Additionally, it’s not possible to be healthy at every size. Someone who is quite underweight is at the risk of organ failure, heart disease and all sorts of horrible health problems – solely due to their weight. But here’s the thing: they’re still deserving of basic human decency and I don’t think many would OPENLY deny that fact. However, there’s likely a good chance that they think of “unhealthy” people as less than the or somehow morally deficient – as if not being able to achieve “health” somehow proves that the person in question is “bad”.
This is tied into some really, really old societal ideas (such as, for example, the ancient Greek belief that beauty was literally a gift from the gods and that beautiful people were inherently more trustworthy and moral than not beautiful people because they are closer to godliness) where we tie someone’s attractiveness to their worthinesss and percieved morality as a person.
Which CONSCIOUSLY I’m sure you realize is absolute bullshit, but what our CONSCIOUSminds realize isn’t always the way our SUBCONSIOUS brains work. We all have internal/subconcious biases that are ingrained in us by a toxic society.
(this does NOT mean that we are not responsible for our actions because “society made me this way!” you have the responsibility yo overcome the effects of a negative/toxic society. Your actions because of a toxic scoiety may be “understandable” but that doesn’t make them RIGHT or OKAY.)
Our society puts down ANYONE who doesn’t fit into a very narrow box – which includes fat people, extremely underweight people, people who are sick/unhealthy or who have disabilities. It doesn’t matter if a fat person is unhealthy, you have no right to mock, deride or abuse them because their health is none of YOUR concern. It is the concern of that individual person and their doctor. No one else.

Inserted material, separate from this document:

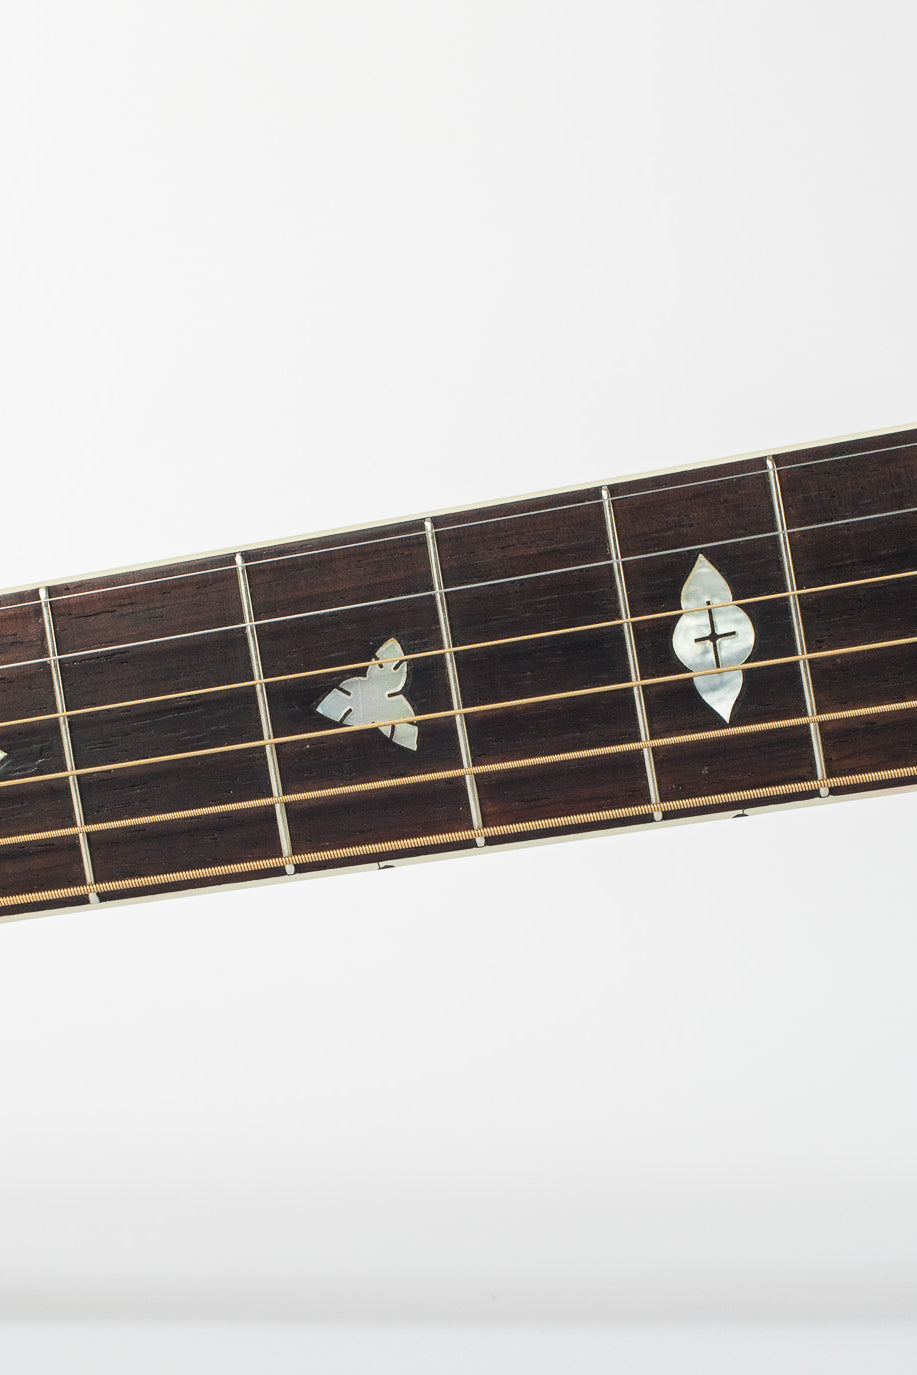 1928 Gibson Nick Lucas Special, fretboard inlays

NO ONE owes you their health, no one has to conform to YOUR IDEAS of health OR attractiveness. You do for your own body what you want and let others do the same.
I honestly feel like fatphobia is tied intimately with the denial of people’s(especially women, queer people and POC) bodily autonomy. For some reason (probably because privileged people have it drilled into their head that they have the right to control the bodies of marginalized people), many thin people/fatphobes get this idea in their head that they are somehow responsible for the health of fat people but they are NOT. No one is responsible for the health of anyone but THEMSELVES.
(I also find it “funny” that thin people aren’t regularly accused of being unhealthy even though I know quite a few thin people who have horribly ‘unhealthy’ diets – but no one comes out of the woodwork when THEY talk about it to scream “BUT THAT’S UNHEALTHY”. Which really, points out the reality: the abuse that fatphobes hurl at fat people has absolutely nothing to do with health but instead, to do with enforcing a rigid societal ideal by making life difficult and painful for anyone who dares to break that mold.)
tl;dr: Stop defending fat people by saying “well not all fat people are unhealthy!” because health isn’t the metric by which we should judge someone’s humanity. Start saying “it doesn’t matter if someone is unhealthy, they still deserve basic human decency and respect. Their body is THEIR BODY and their health is absolutely none of your god damned business.”
@bigfatscience @fatphobiabusters @feminismandmedia @thisisthinprivilige
I’d appreciate if y’all could give this a big boost for me!Oh man, I’ve thought this for years.
Trouble is some people will pull the “my taxes pay for health care so how dare anybody be unhealthy they’re stealing from me” bit, which (a) usually ignores unhealthy thin people and (b) arrogantly assumes they themselves will never become disabled due to illnesses or accident. I’m not sure how to convince them otherwise.